Moon to meet top U.S. general amid tensions
Moon’s meeting with the U.S. four-star general is expected to focus on reaffirming the bilateral alliance in the face of North Korea’s bellicose rhetoric, especially with its warning issued last Thursday that it could surround U.S. territory Guam, home to U.S. Navy and Air Force bases, by firing four missiles into the waters 30 to 40 kilometers (18.6 to 24.8 miles) off the island’s coast, in a direct warning to the Trump administration.
Gen. Dunford arrived in Seoul on Sunday for a two-day trip during which he is also scheduled to meet with South Korea’s Minister of National Defense Song Young-moo and his South Korean counterpart Gen.
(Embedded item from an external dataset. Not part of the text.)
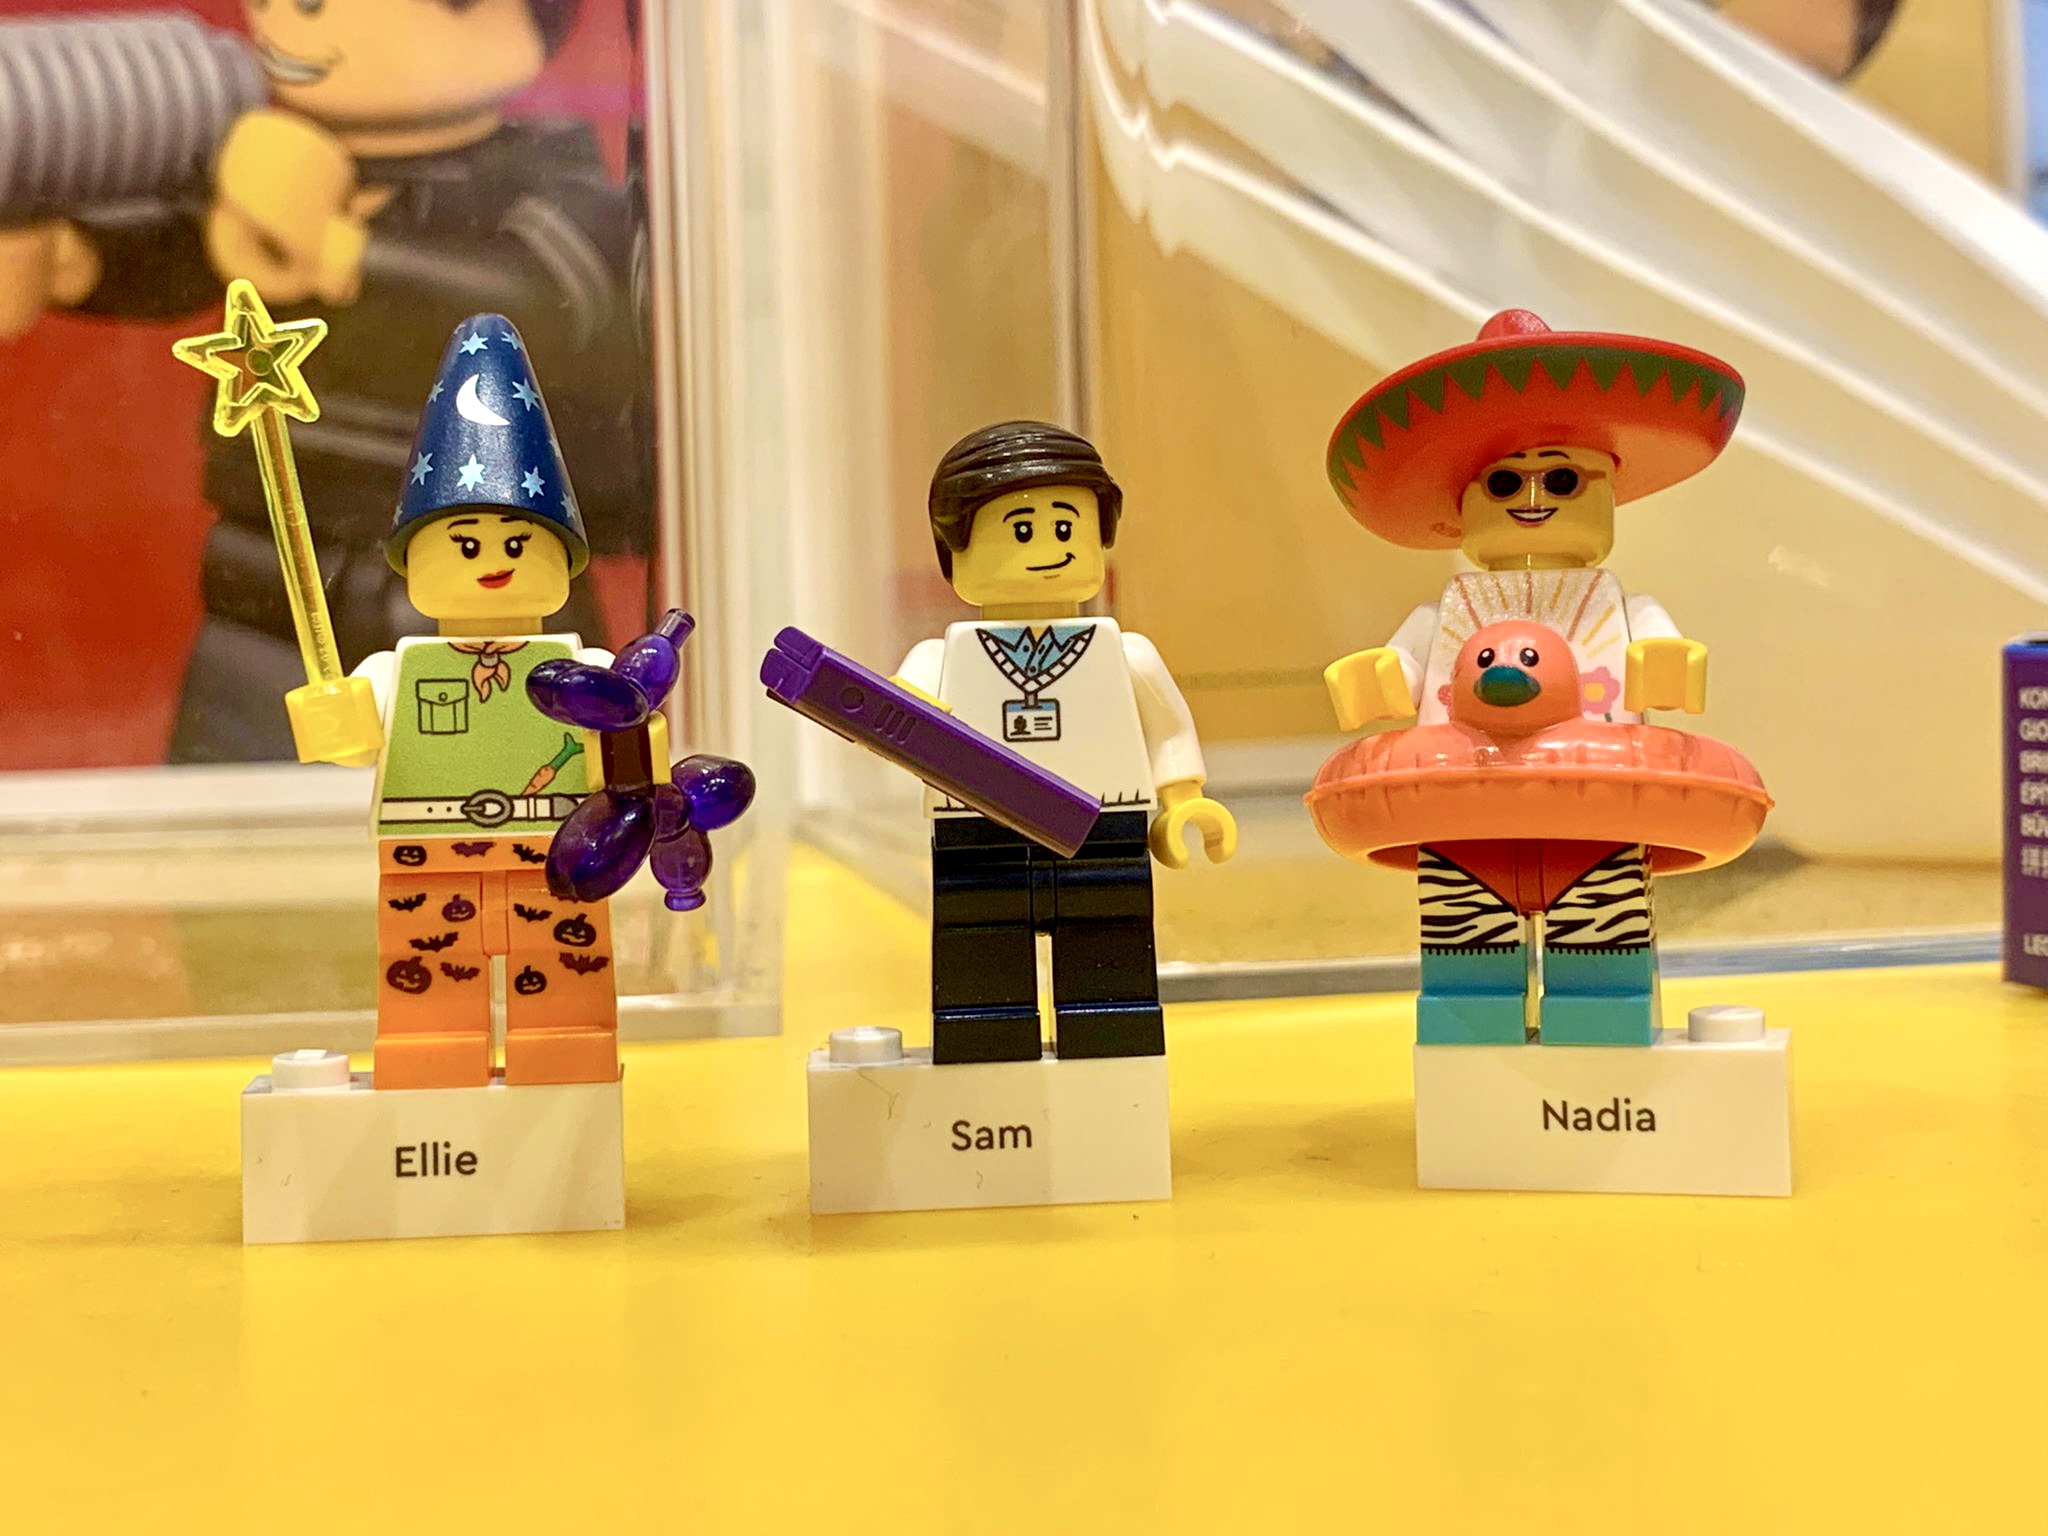 Lego mini figures of Ellie, Sam and Nadia

Lee Sun-jin.
The general’s visit comes as North Korea and the United States exchanged tirades against each other, which at one point led U.S. President Donald Trump to declare that his military was “locked and loaded” for military action should Pyongyang “act unwisely,” heightening anxiety in the region over the prospect of conflict that could bring about dire consequences given highly concentrated firepower along the demilitarized zone on the peninsula dividing the two Koreas.
On Friday, Trump reiterated his warning to North Korean leader Kim Jong-un to refrain from threats against the U.S. territory, saying, “If he utters one threat in the form of an overt threat” against the U.S. territory of Guam or its allies, “he will truly regret it and he will regret it fast.”
Amid looming concerns, Trump and Chinese President Xi Jinping talked over the phone on Saturday with the latter calling for “restraint” on all sides involved in the matter to avoid “remarks and actions that could escalate tensions” on the peninsula, according to the Global Times, a tabloid controlled by China’s Communist Party. “China is ready to work with the United States to appropriately resolve the issue,” said Xi, according to the news outlet.
Xi’s message to Trump underscores Beijing’s wish that the current growing tensions in the region do not spill into military action that could lead to the outbreak of a full-fledged war.
The Korean War (1950-53) ended in an armistice, not a peace treaty.
The White House said in a statement released Saturday in Washington time that they “agreed North Korea must stop its provocative and escalatory behavior.”
It added that the relationship between the two leaders is “an extremely close one, and will hopefully lead to a peaceful resolution of the North Korea problem.”
In an apparent warning to Pyongyang against military action that can be taken as a direct threat to the United States, an editorial in the Global Times called on the Chinese leadership to “make clear” that if it is Pyongyang who fires off missiles that “threaten U.S. soil first and the U.S. retaliates, China will stay neutral.”
The paper, however, cautioned that if the retaliation leads to an attempt to overthrow the North Korean regime and “change the political pattern of the Korean Peninsula,” Beijing will intervene, without elaborating how.
Since the Global Times has served as an unofficial channel conveying China’s policy, its editorial can be seen a message to Pyongyang that China will not object to U.S. surgical strikes against the North’s missile sites in response to Pyongyang’s launch of missiles targeting U.S. territory.
President Moon is entering what local media here call a “super week,” in which the leader will try to mitigate the situation. Moon told Trump in a phone conversation last week that a war on the peninsula “should never happen again” and that the issue should be settled “in a peaceful and diplomatic manner.”
Moon is expected to reiterate his point during a speech on Tuesday commemorating the 72nd anniversary of the end of the Japanese colonial rule from 1910-1945, known as Liberation Day.
Of the many presidential speeches that take place, the Aug. 15 Liberation Day speech is seen as one of the most important speeches given by the commander in chief, laying out the policy goals of an administration as well as highlighting its achievements to shore up public support.
Cheong Seong-chang, a senior researcher at the Seoul-based Sejong Institute, told the Korea JoongAng Daily on Sunday that Moon will likely use the occasion to strongly urge Pyongyang to avoid further military action that would escalate tensions in the region.
“If the North had not made that threat of a missile launch against Guam, then Moon would have stressed on the need for improved inter-Korea relations and reconciliation,” said the North Korea expert.
“But as tensions have spiked with the North’s threat against the United States, it has become really difficult for Moon to make such overtures.”
On the possibility of the North’s further provocation, Cheong remarked Kim Jong-un would likely conduct its sixth underground nuclear test or another intercontinental ballistic missile (ICBM) test around Sept. 9, the day on which North Korea celebrates the anniversary of its founding in 1948.